The wedding was taking place on the top floor of the building, and the other two floors were not being used, Levy said.

Sara Pinhas, a relative of the groom, said dancers had lifted the father of the bride on a chair when suddenly he fell, ”and then we felt the whole building collapse, everything fell down. We managed to climb down the side of the building,” she said.

”People were dancing and all of a sudden the dance floor collapsed, and all the tables around it fell through,” Rami Mordechai, who was at the wedding, told Israel television.

The center of the top floor collapsed suddenly, witnesses said. The concrete structure crashed through the floors below, leaving a gaping, three-story hole with metal reinforcement cables hanging at twisted angles from the sides.

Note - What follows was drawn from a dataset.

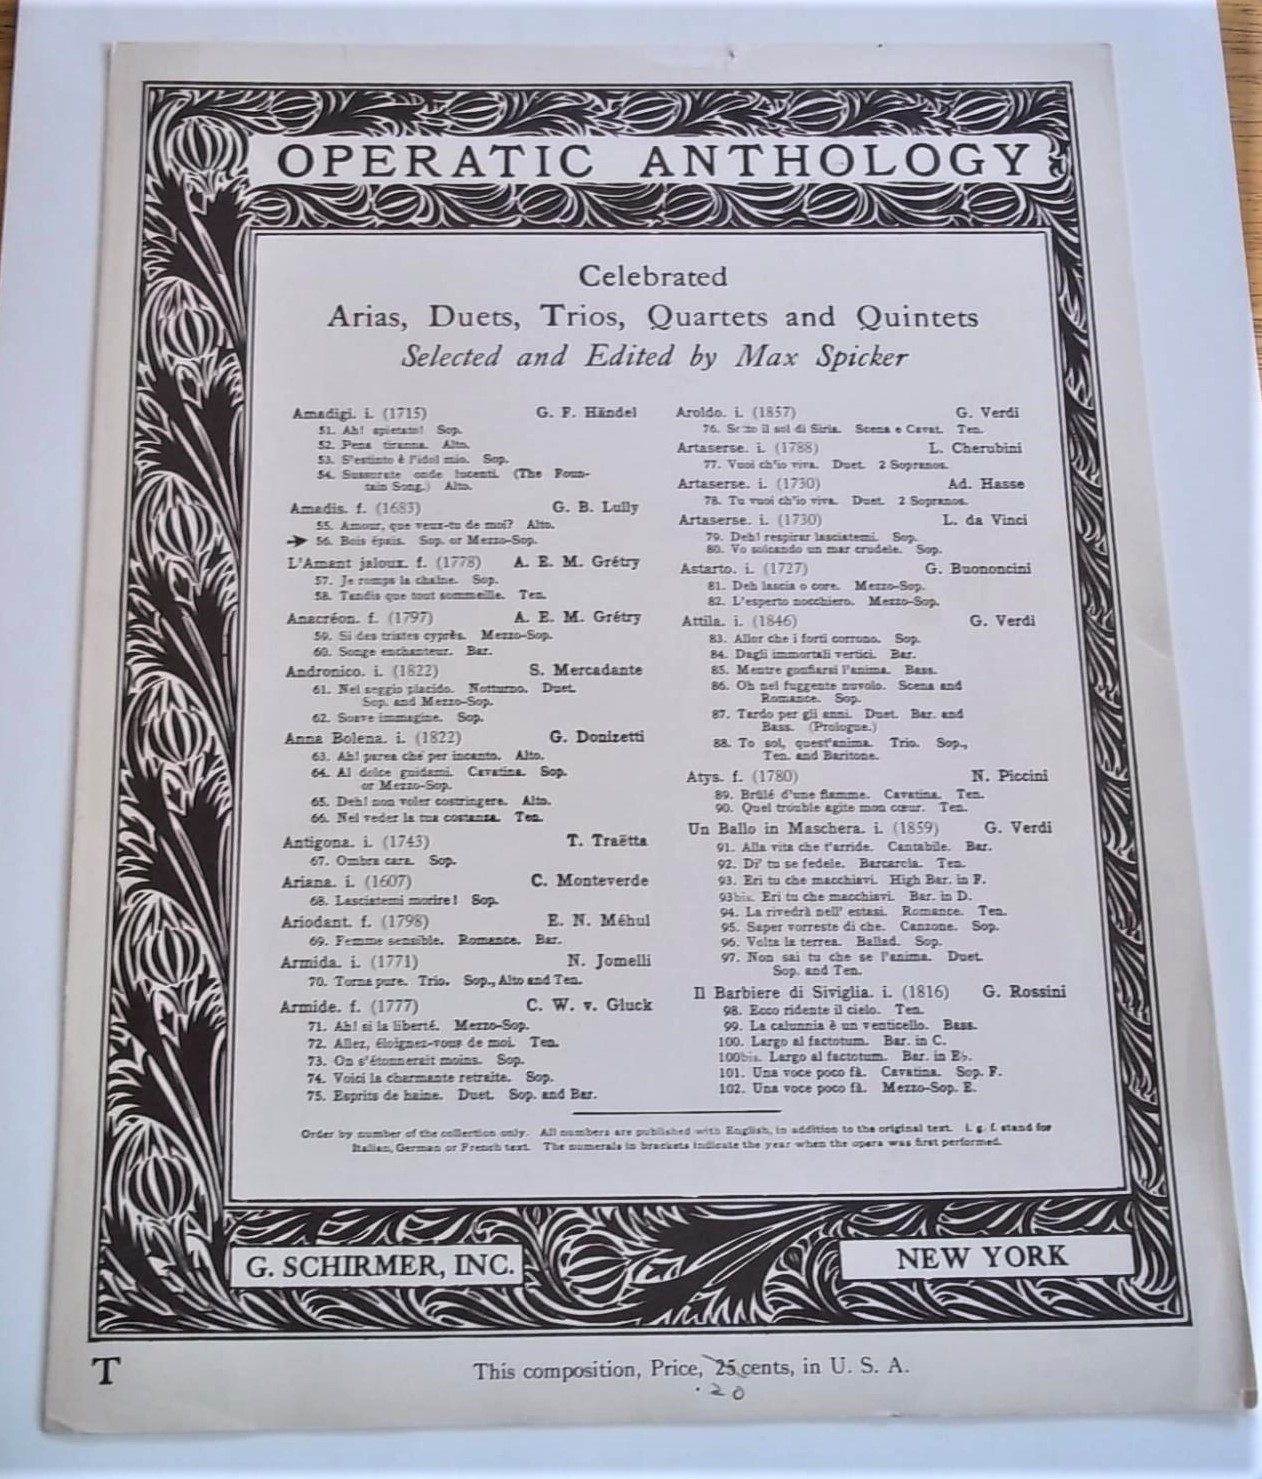 Amadis: Bois Epais, Redouble Ton Ombre, Aria (Soprano or Mezzo-Soprano) (Sheet Music) by G. B. (Jean-Baptiste De Giovanni Lulli) (Composer) and Dr. Theodore Baker (English Version By): (1894) Later

After the collapse, the front of the hall was eerily intact, with the name of the wedding hall still illuminated in large, blue letters.

Victims pulled from the rubble were lined up on stretchers awaiting ambulances to take them to hospitals. Many appeared unconscious, and most were bleeding.

Relatives, some covered with blood, gathered in front of Jerusalem hospitals, desperately seeking updated reports on their injured loved ones. Others said they helped pull people out of the wreckage before they were taken to the hospitals themselves. Hospital doctors said there were many children among the injured, including a 3-month-old baby.

The bride was taken to Bikur Holim hospital in downtown Jerusalem, where a doctor said she was apparently not seriously injured.

Jerusalem police have been on alert for bomb attacks by extremist Palestinians during eight months of Israel-Palestinian violence. Earlier Thursday, Tel Aviv police closed off the central bus station in Tel Aviv for five hours, after reports that Palestinians were planning a bomb attack there.